At this stage, a lot of the theoretical ground has been cleared, although I have necessarily expressed it in rather sketchy form. What remains, and what Dardot and Laval do in the final section of the book, is to come up with some detailed proposals and to explain how their understanding of the common can help us see, not simply the way towards isolated, local or short-lived social experiments but a real, widespread and durable transformation of our modes of social, economic and political organization by and around the common." (


"What I want to do now is focus on the nine key political propositions about how to build the common to which their thought leads them. I have inevitably had to condense their writings and leave out many of their key references but have done my best to convey the spirit of what they propose faithfully.

Proposition 1: it is necessary to construct a politics of the common: Although the politics of the common builds on the tradition of 19th century socialist associationism and 20th century workers’ councils, it can no longer simply be thought in an artisanal context or in that of the industrial workplace. Nor will it emerge from some sort of encirclement of capitalism from the outside, nor from some mass desertion. There can be no politics of the common without a rethinking of property rights concerning the land, capital and intellectual ownership. Rights of use rather than rights of property must be the juridical axis for the transformation of society. It is necessary to find the correct form for the common production of society by creating institutions of self-government (whose role will be the production of the common) in all its sectors. It must not be thought, however, that the existence of a common principle will simply abolish the distinction between different socio-economic, public or private, or political spheres. To prevent public deliberation being captured by the interests of any one socio-professional category, the sphere of production and exchange must be completely reorganized around the self-government of the commons. Each commons must also take account of all the ‘externalities’ of its activity so that the its governance includes the users and citizens concerned by the activity. The socio-economic arena thus becomes schooled in co-decision taking.

Proposition 2: we must mobilise rights of use to challenge property rights. Historically, the articulation between the socio-economic and the public has been constituted by the double principle, coming from Roman law, of dominium (exclusive private property) and imperium (the overarching power of the sovereign). The politics of the common must challenge this double absolutism. Traditional ownership rights grant owners completely free use of their property and therefore imply no accountability before others. In contrast, the user of what is in common is tied to the other users by the co-production of the rules that govern the common use.

It might seem that capitalism itself is moving away from traditional models of property attached to physical things as it moves increasingly towards the provision of services, rather than the selling of goods.

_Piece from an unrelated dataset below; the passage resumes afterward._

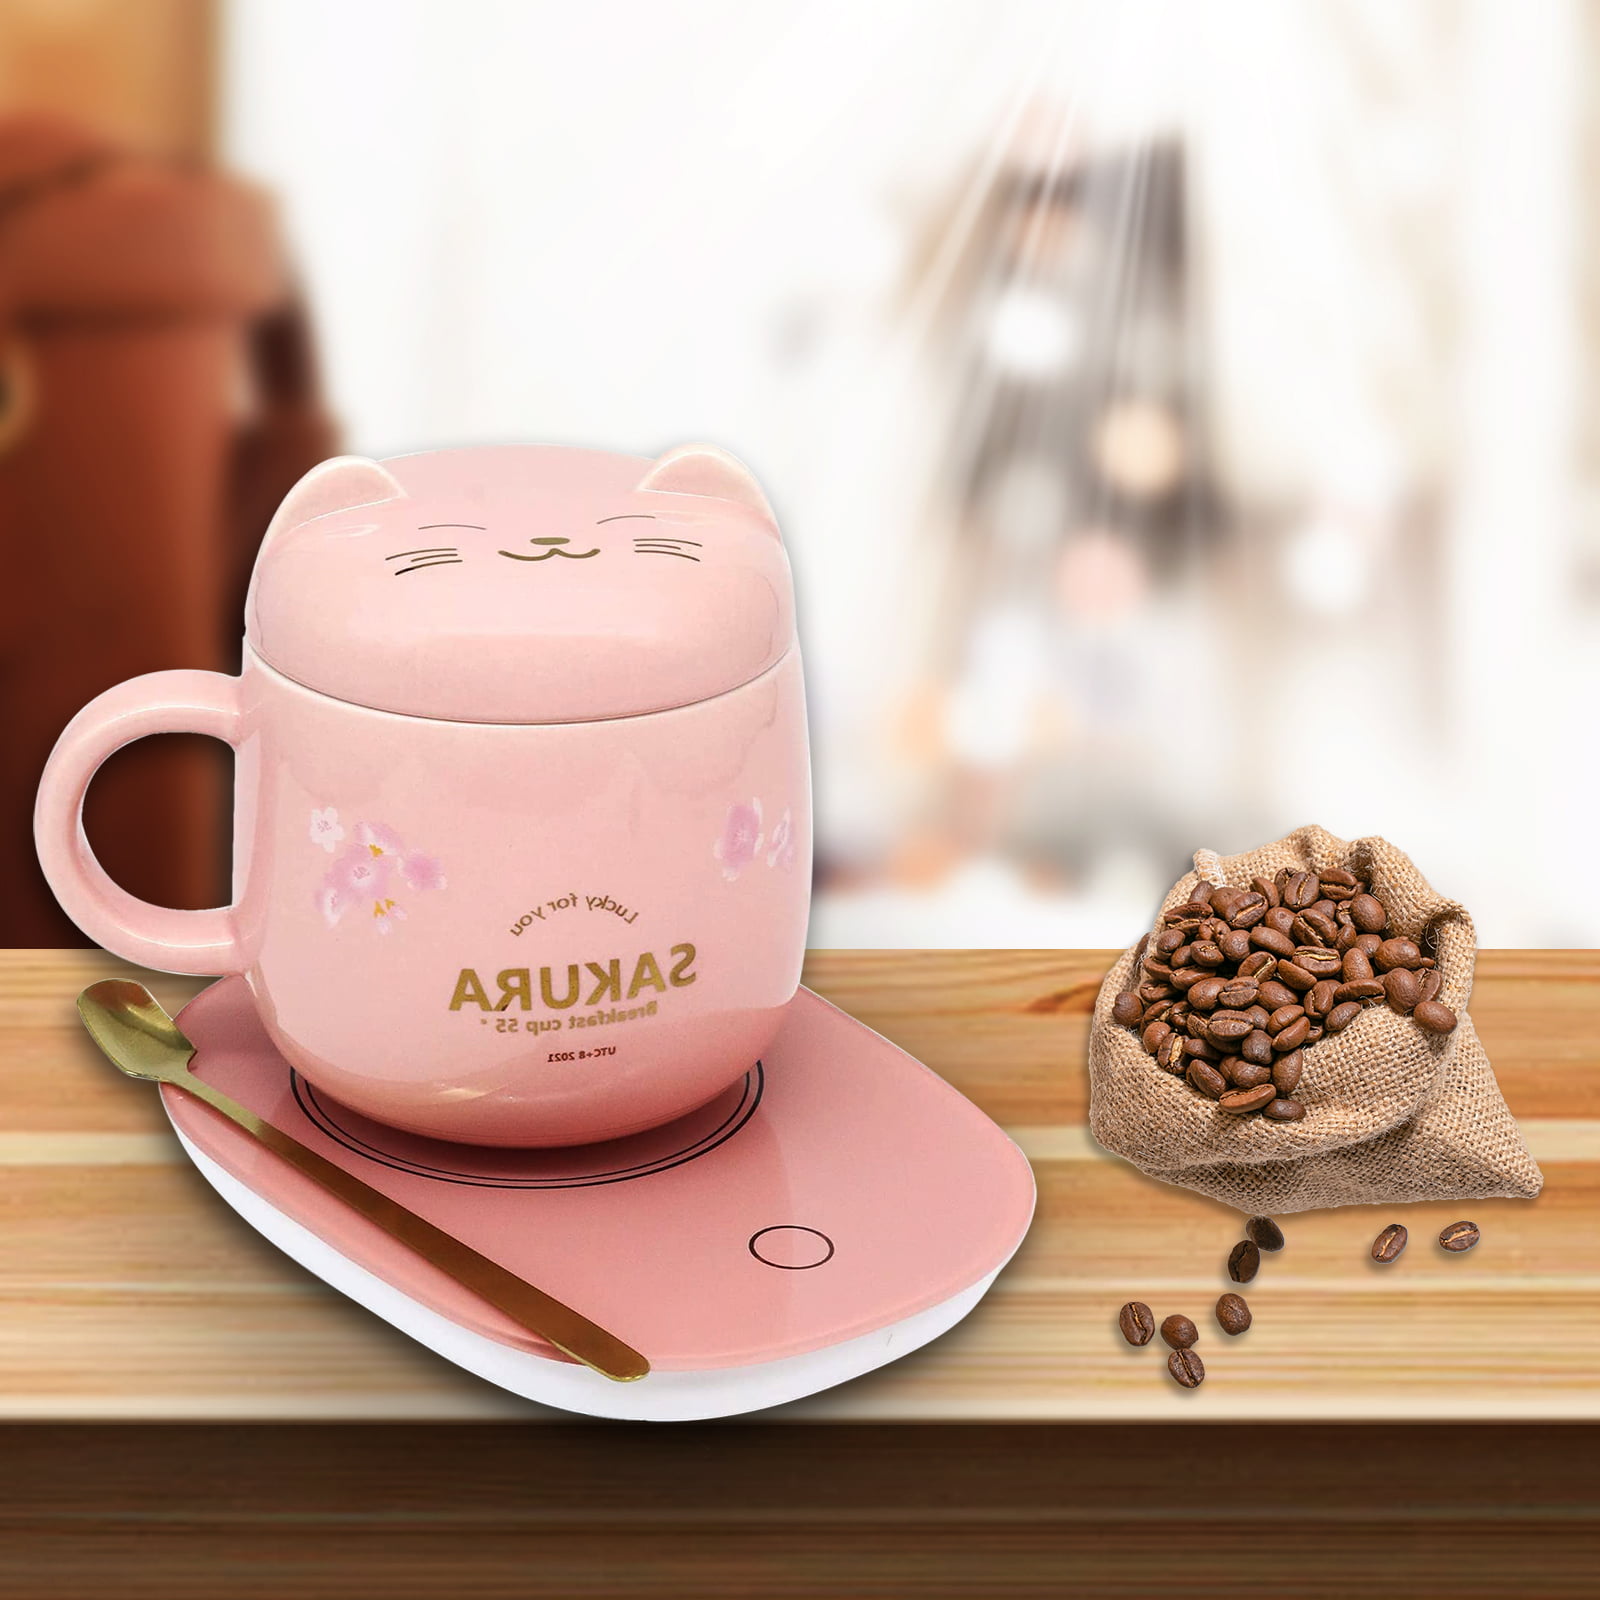 Coffee Mug Warmer Set Milk Cup Warmer Set for Office Home Use Pink with Stainless Steel Spoon and Mug 12.5 oz

Instead of buying property, service users increasingly buy access, something that might seem to announce new models of co-use, and a multiplication of types of rights (rights of use, rights to rental revenue, rights to buy and sell different rights). But we are in reality moving to new forms of enclosure that concern time rather than space: the user has to pay as long as (s)he continues to use something. At the same time, corporations retain ownership and control of the networks through which individuals interact. In this situation, the right of co-use is a hollow one entirely dependent on the will of a higher body that is alone empowered to take decisions. To be truly common, use must be decided by collective deliberation. This is very different from the idea that the common is the equivalent of the universal so that a piece of land, say, is available to be used by everybody. For there to be common and not simply shared things, there must be co-activity. Rather than seeking to develop a form of property right that broadens ownership to include everyone, there must be a right of use that can be mobilized against property rights. The care of a common can only be entrusted to those who co-use it and not to states.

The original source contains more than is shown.